Do Eugene Onegin, faço meus os encómios que proferiu na sua apreciação, devido ao elenco excepcional, à brilhante direcção de Gergiev, a que acrescento uma notável, porque belíssima e poética encenação de Robert Carson, a qual pelos vistos não lhe terá agradado.
Fundamento este meu considerando, com o requintado despojamento,traduzido numa visão estilizada da representação da realidade, opcção que Carson defendeu com a ajuda de um primoroso desenho de luzes, que caracteriza com precisão e rigor dramaturgicos os vários ambientes/ atmosferas, sem necessidade do recurso à profusão de diversos cenários e acessórios de palco, considerados despiciendos a meu ver.
À adopção da tradicional opulência habitual dos decors/cenários utilizados na maioria das produções do Met, tão ao jeito do gosto comum, optou Carson por uma visão desnuda de evidências redundantes, deixando ao inefável e indizível que se pressente, mas não se reproduz, toda a poética de uma ambiência mágica.
Realço ainda, a magistral movimentação de massas em palco (coro), feita com uma mestria só ao alcançe de quem domina as artes de palco.
Como paradigma da apreciação que faço da encenação deste Eugene Onegin, permito-me destacar entre outras "notáveis páginas", a célebre cena do duelo, marcada por uma simplicidade desarmente de processos, em que o aludido despojamento de cena, conjugado com um desenho de luz belíssimo, cria um dos momentos mais patéticos (na verdadeira acepção de dramático/comovente) a que tenho assistido num palco.

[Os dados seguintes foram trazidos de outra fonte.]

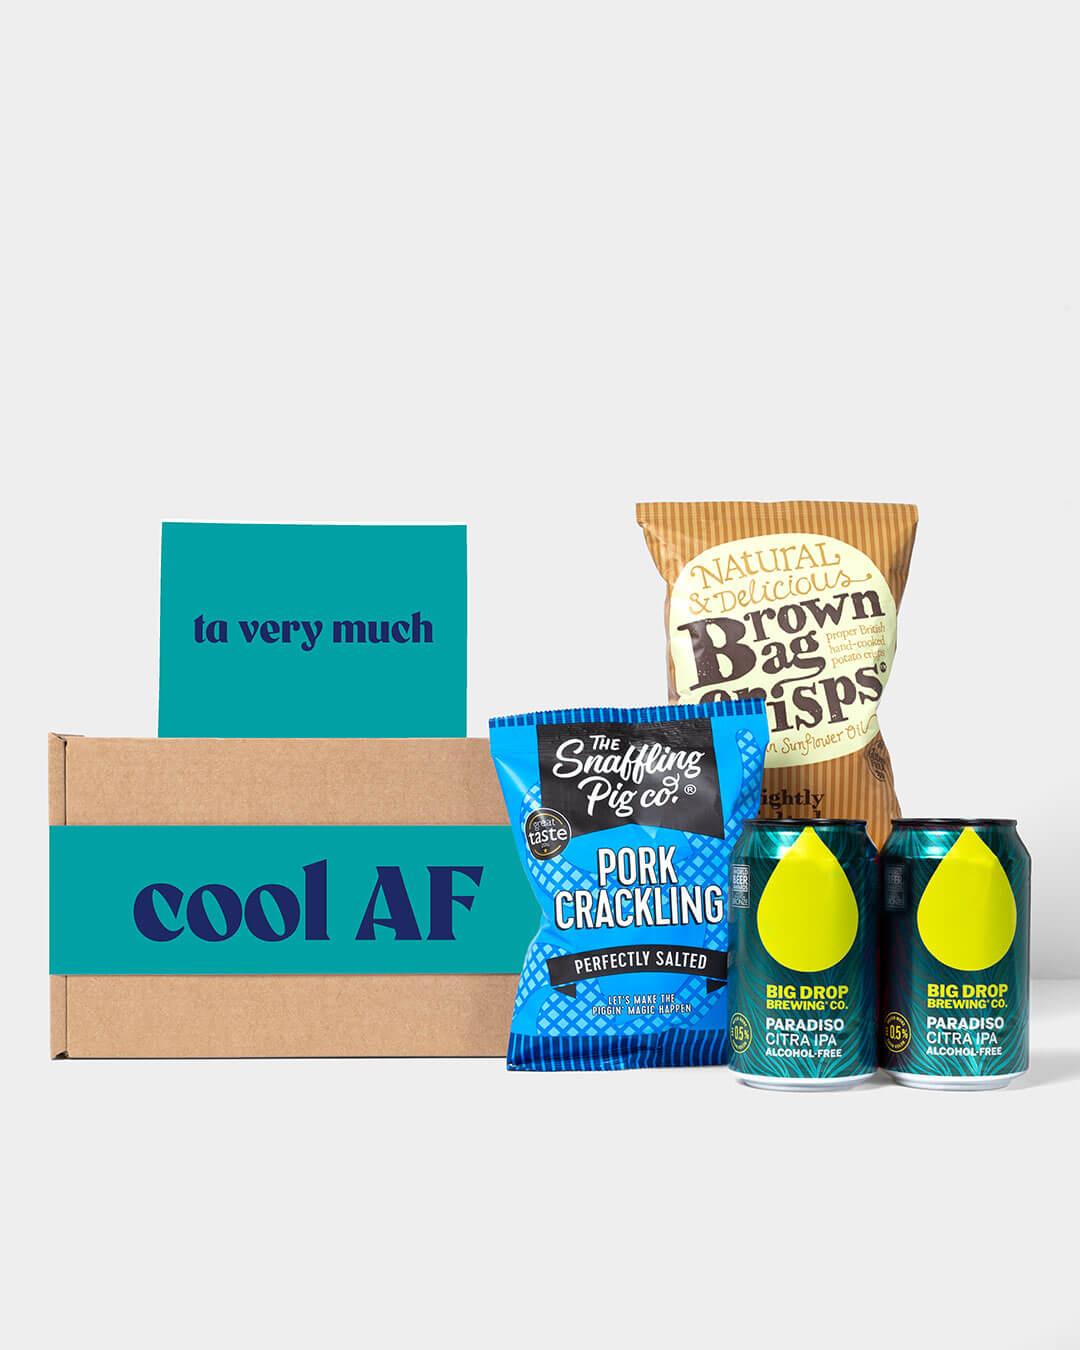 Alcohol Free Beer Box including contents: Big Drop Beer, Snaffling Pig Pork Scratchings & brown Bag crisps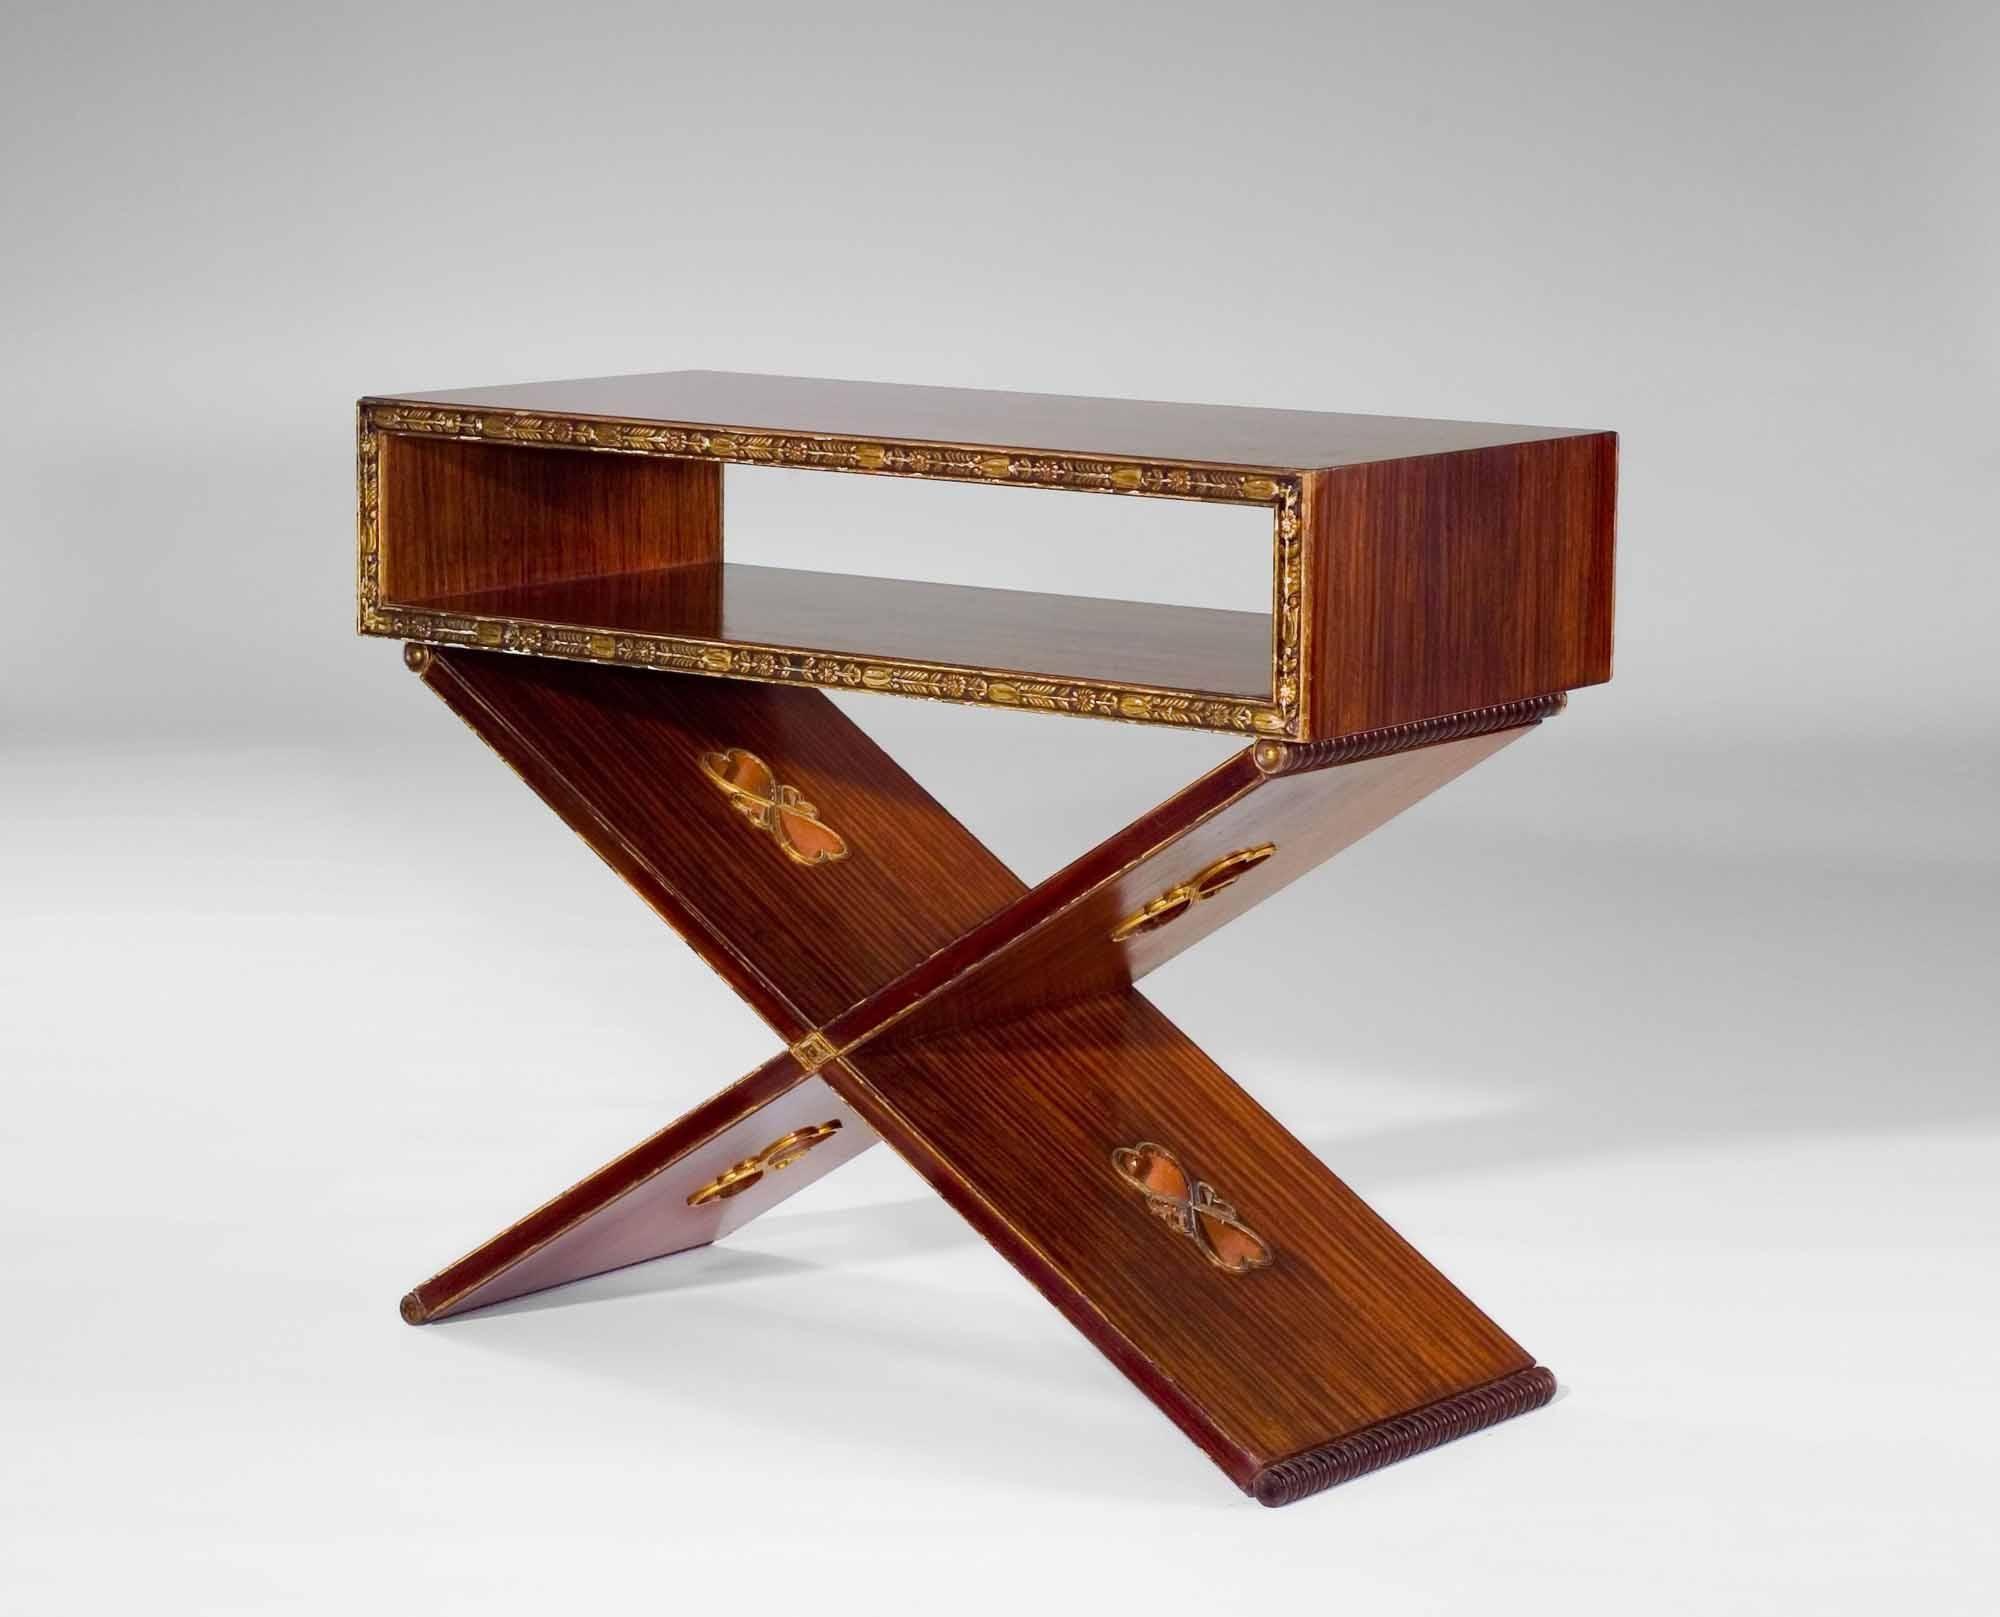 Josef Hoffmann Small Library Table Wiener Werkstatte Wiener  # Werkbund Muebles

Por fim, nada tendo a ver com o desempenho específico do papel de Tatiana neste Eugene Onigin, que, como é habitual, foi deslumbrante, permitam-me que também assuma o gosto preferencial por esta diva, que, provocatoriamente reputo como "The Voice" (o Sinatra que me desculpe), inigualável por qualquer outra das cantoras líricas vivas. Se vos disserem que a Fleming é apenas uma bela mulher, detentora de uma belíssima voz, embora ligeira e superficial na interpretação e na caracterização das personagens, não acreditem, trata-se de uma intérprete e actriz do mais elevado gabarito, com uma mais valia em relação a toda a concorrência, uma voz divinal, pela beleza de emissão e variedade da paleta tímbrica.